> WORK TO COMPLETE
Only the lines below from the one that contains "3 Application ขุด" through the one that contains "鈴川スポーツ海浜公園 駐車場を利用させて頂きます。" should appear in your answer, exact and without pictures.

> AVAILABLE DATA
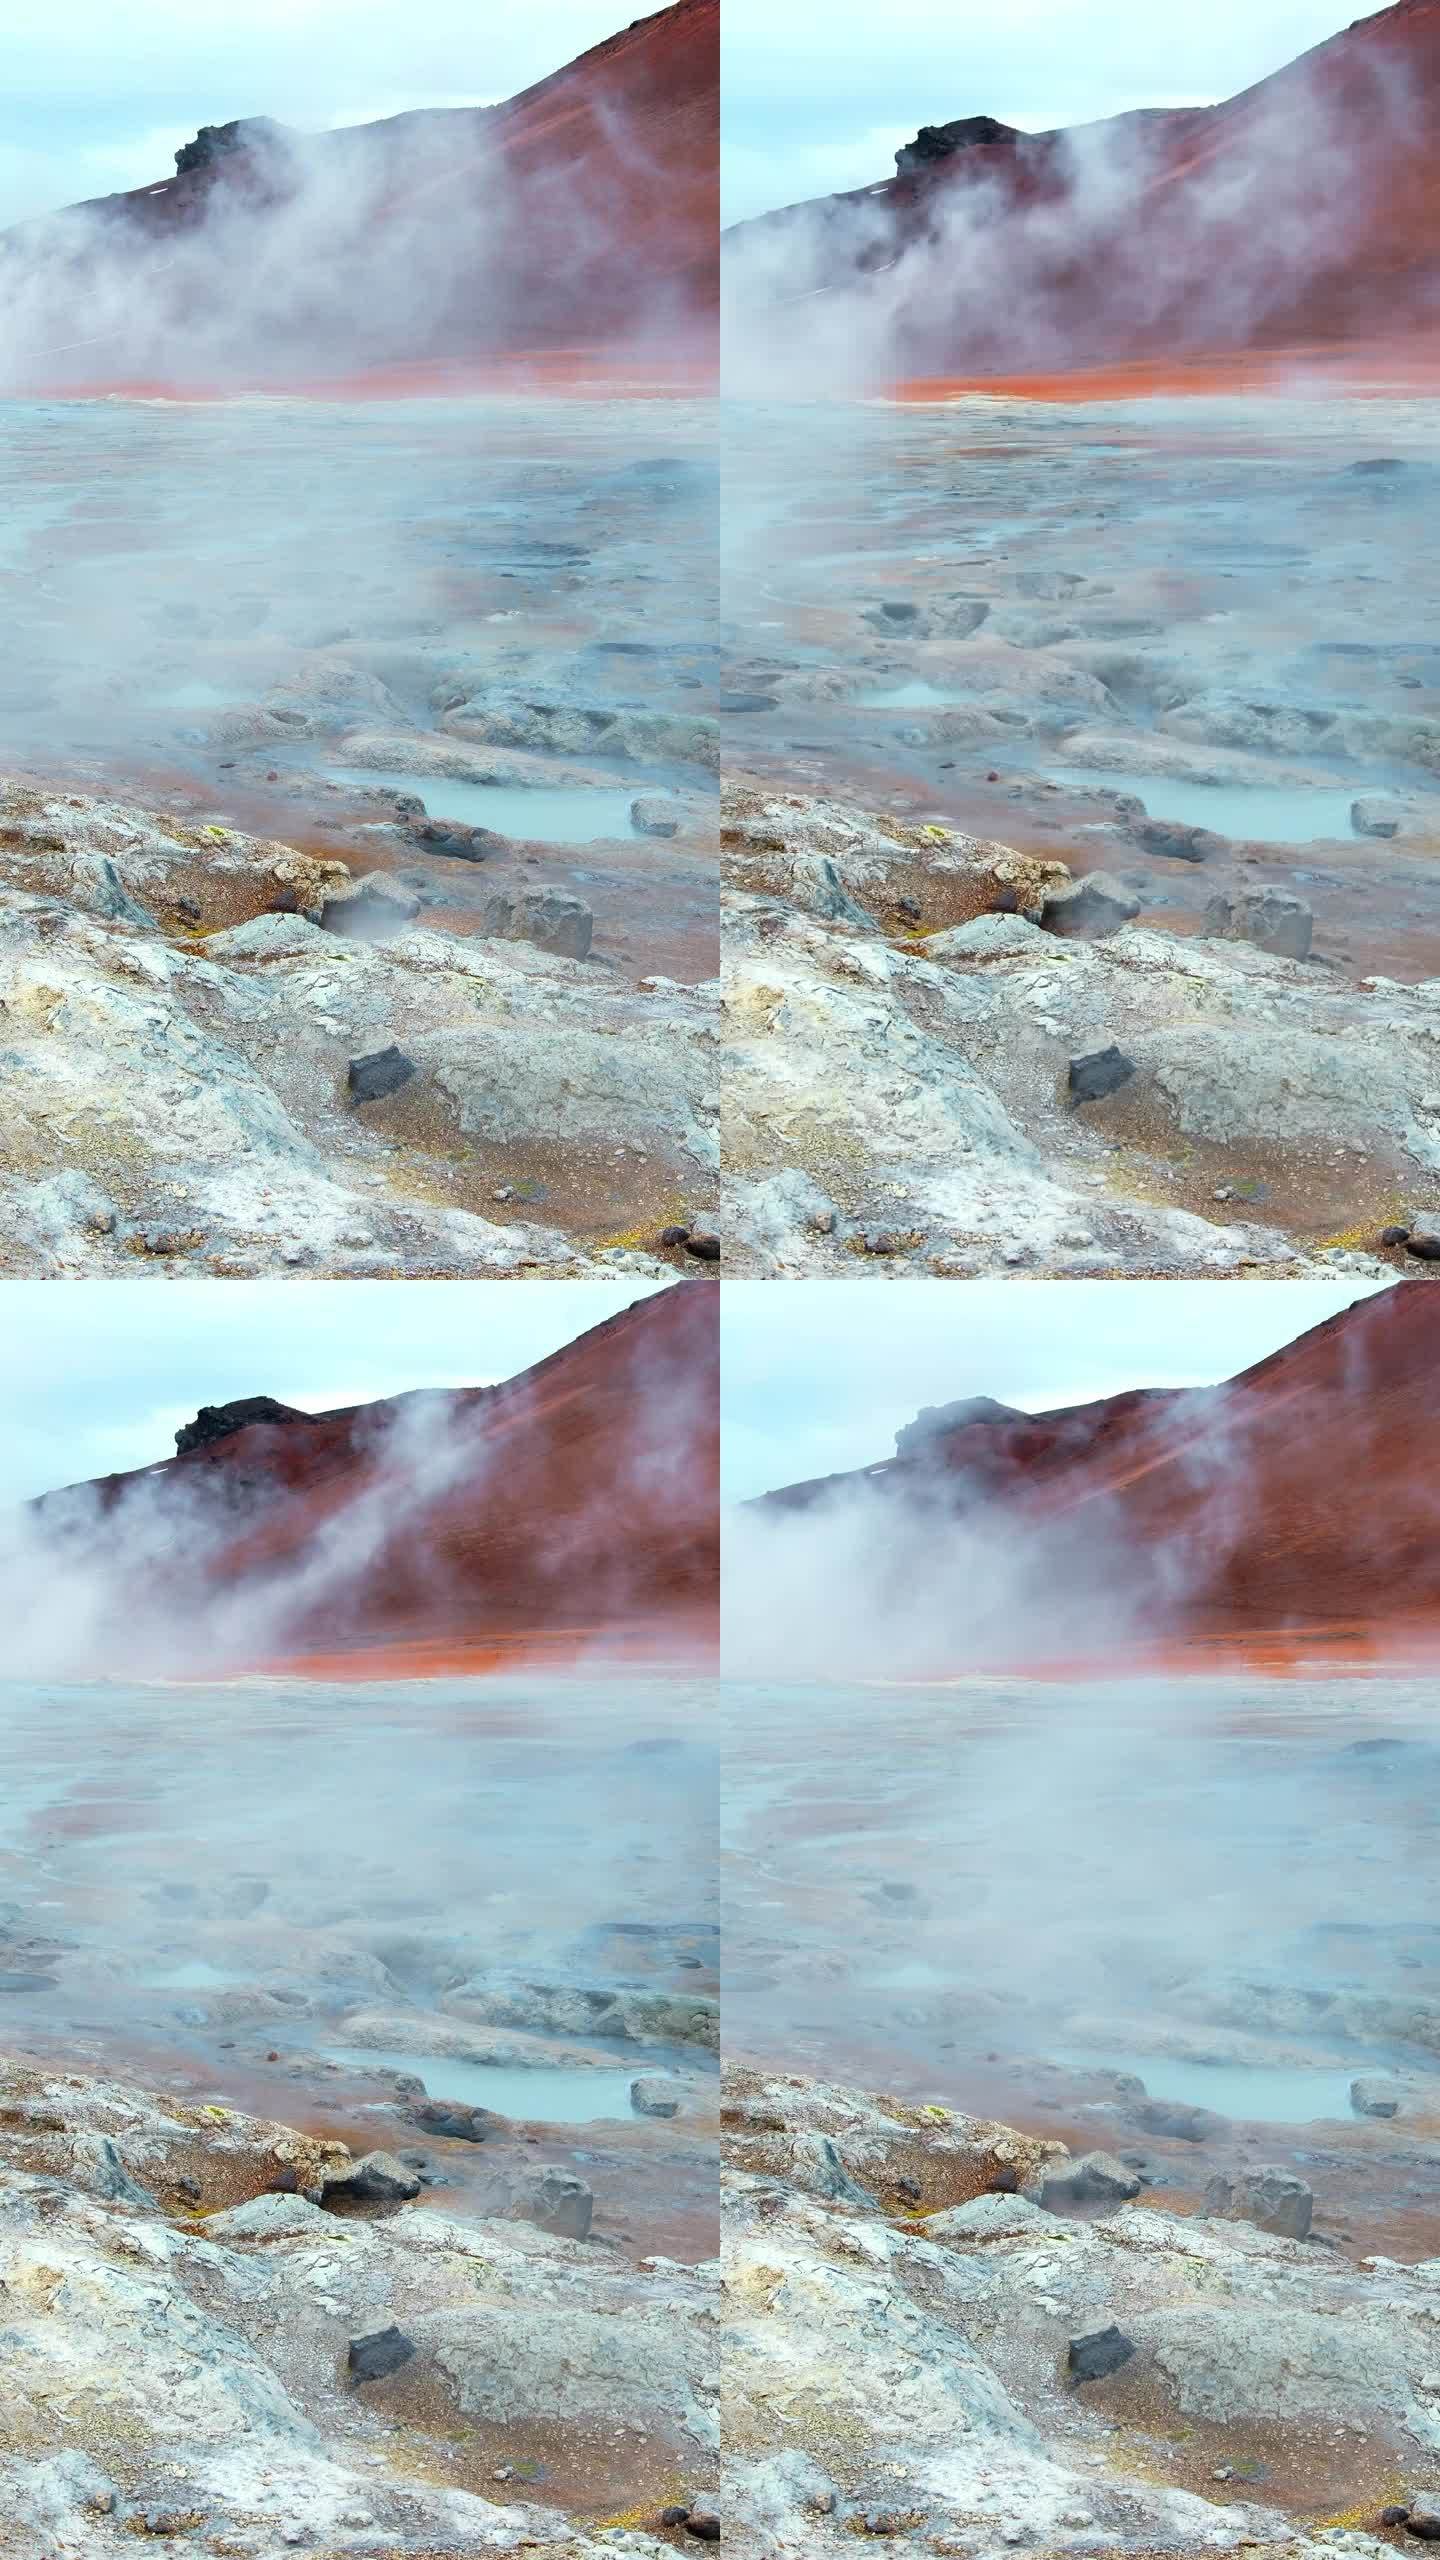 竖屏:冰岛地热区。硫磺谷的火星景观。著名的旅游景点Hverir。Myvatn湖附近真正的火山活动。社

---

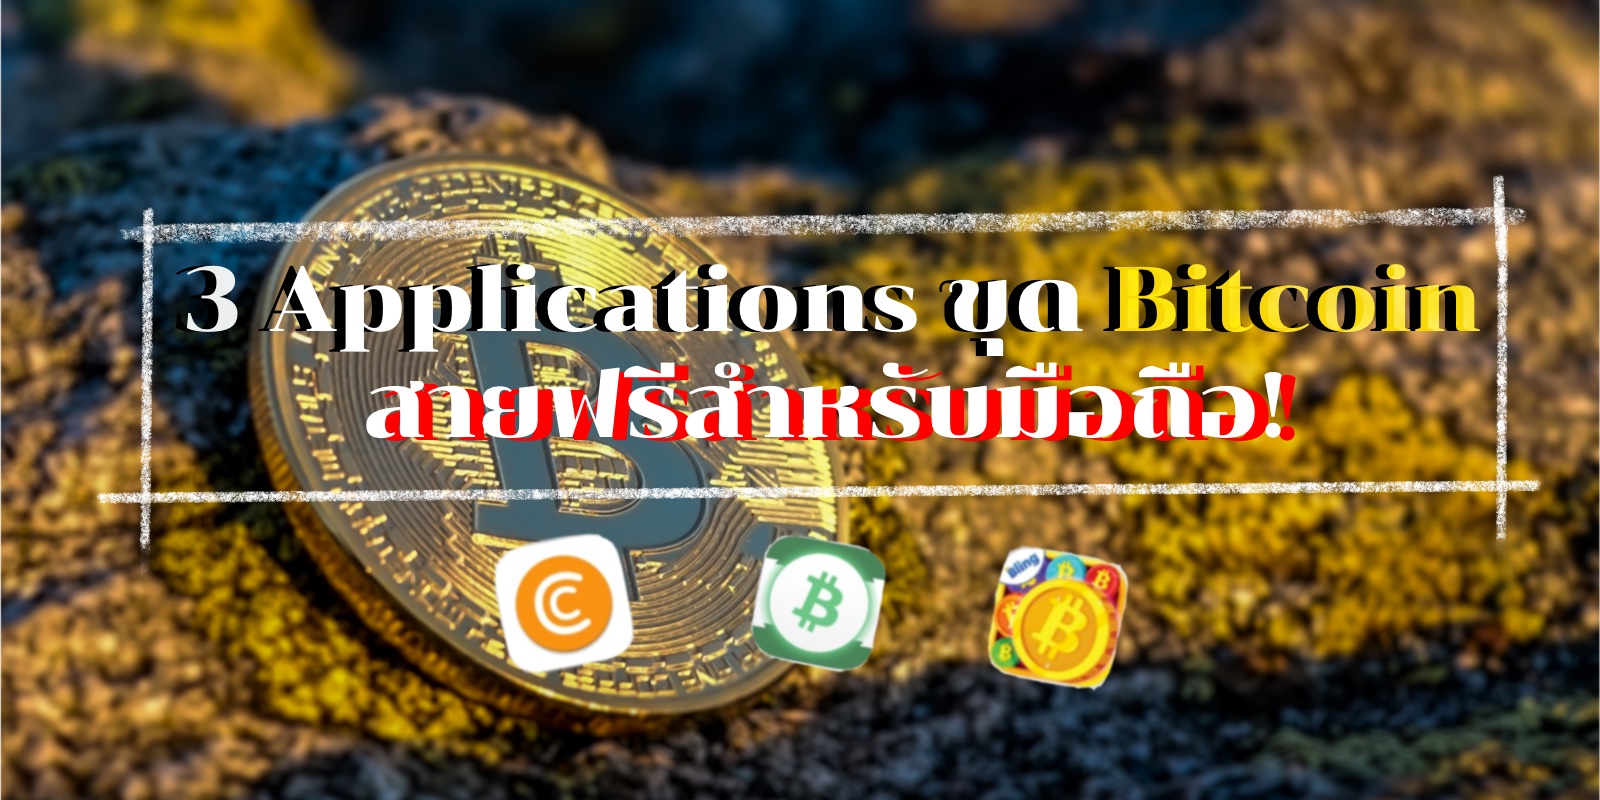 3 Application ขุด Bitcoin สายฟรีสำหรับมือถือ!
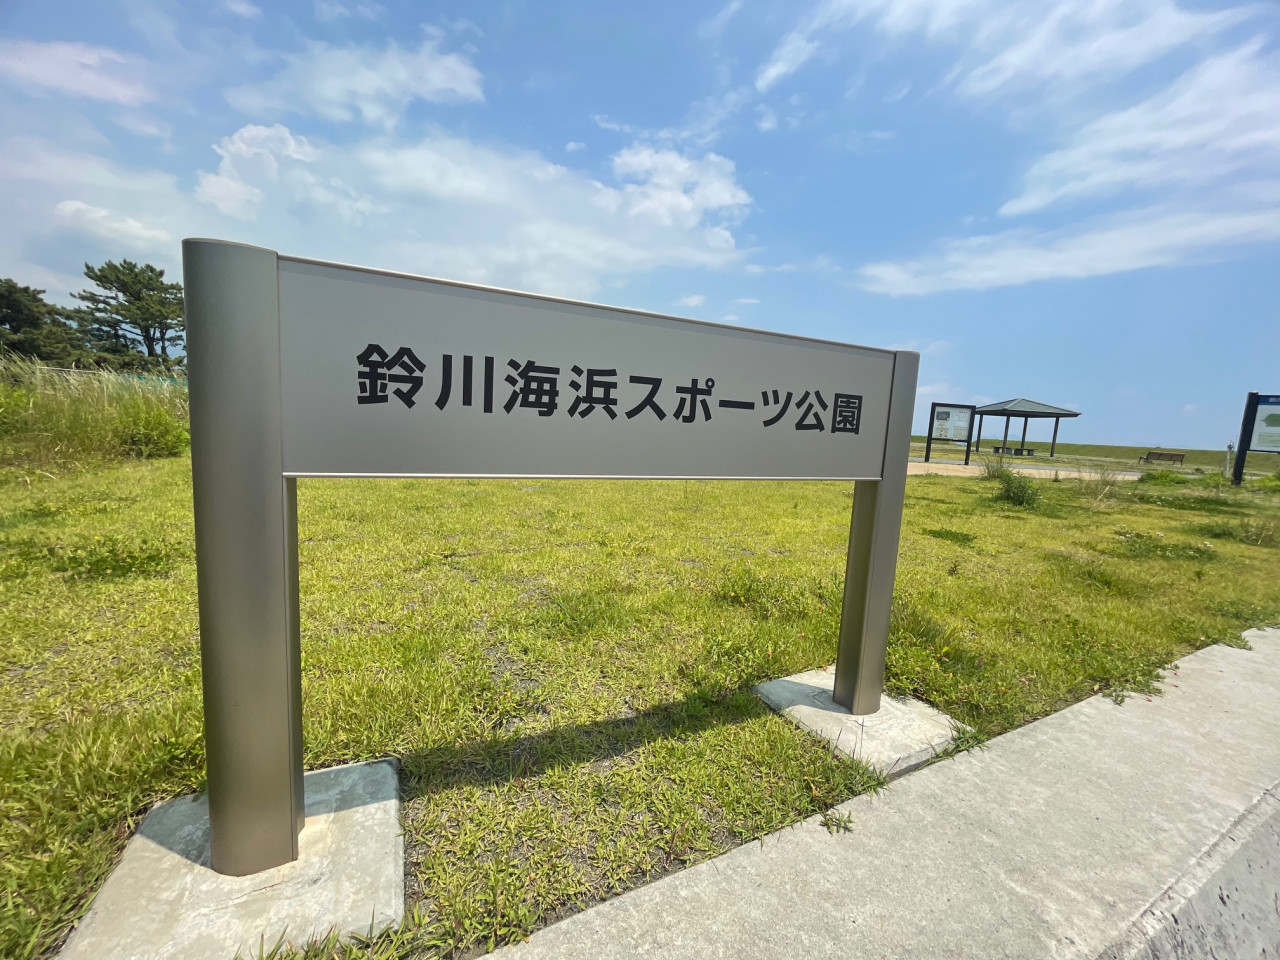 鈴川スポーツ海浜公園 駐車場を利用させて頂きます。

> OUTPUT
 3 Application ขุด Bitcoin สายฟรีสำหรับมือถือ!
 鈴川スポーツ海浜公園 駐車場を利用させて頂きます。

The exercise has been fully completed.